Templates compile to pixel rectangles at the kiosk based on actual display
resolution. Cells under 20% of total display area default to sub-stream;
≥20% default to main; per-cell override always wins.

## Event rules engine

ONVIF cameras with event support get a persistent PullPoint subscription managed
by the backend. Events are normalized to `{camera_id, topic, payload}` and
matched against rules:

```yaml
event_rules:
  - when:
      camera_id: 5
      topic: "tns1:RuleEngine/CellMotionDetector/Motion"
      property_op: "Changed"
    do:
      action: activate_layout
      layout_id: front-door-zoom
      revert_after_seconds: 60
      revert_to: previous
    cooldown_seconds: 30
```

External systems fire synthetic events via `POST /api/events/trigger`, so
non-ONVIF inputs work through the same engine.

## Auth

- **Kiosk → backend**: WebSocket on `127.0.0.1:8000`, no auth (loopback only).
- **LAN → backend**: HTTP on `0.0.0.0:8080`, every route requires `X-API-Key`.

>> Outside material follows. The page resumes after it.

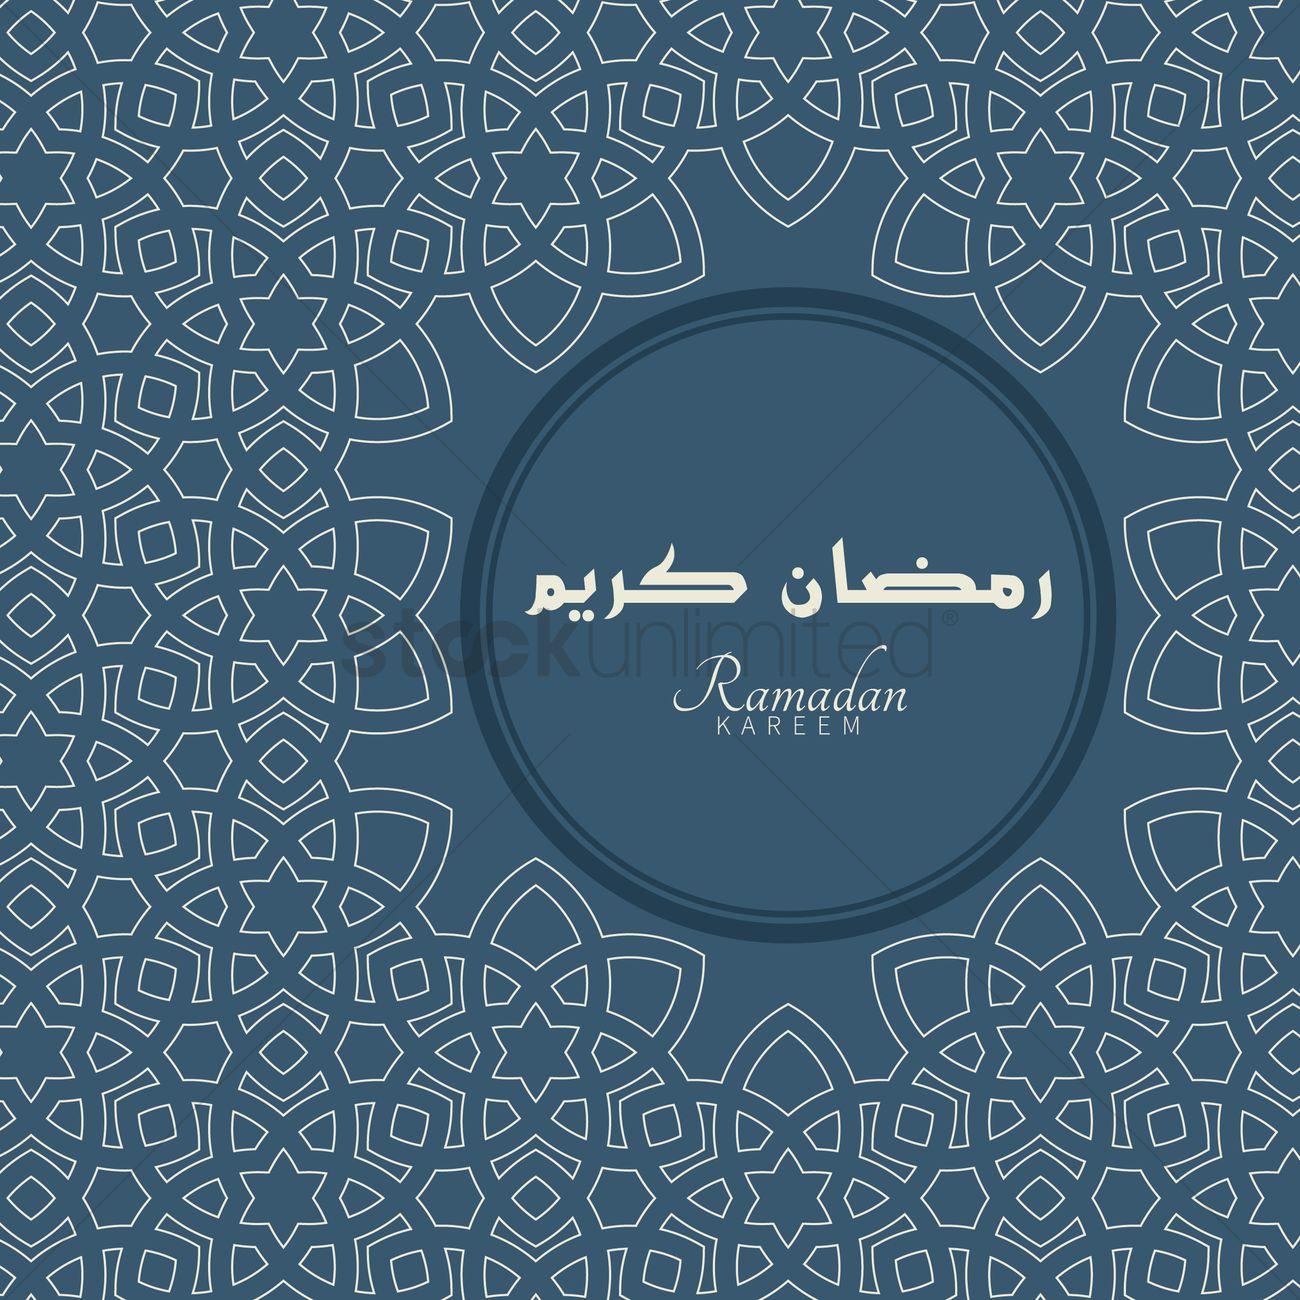 Ramadan Kareem Greeting In Jawi Vector Image 1827024 Stockunlimited

Two listeners, two middleware stacks, same FastAPI app.

## Multi-display readiness

Schema includes `display_id` on `layouts` and a `displays` table. v1 hard-codes
a single display row. The kiosk↔backend protocol includes `display_id` in
every activation message. Adding a second display later: new `displays` row,
new kiosk instance bound to it, no API changes.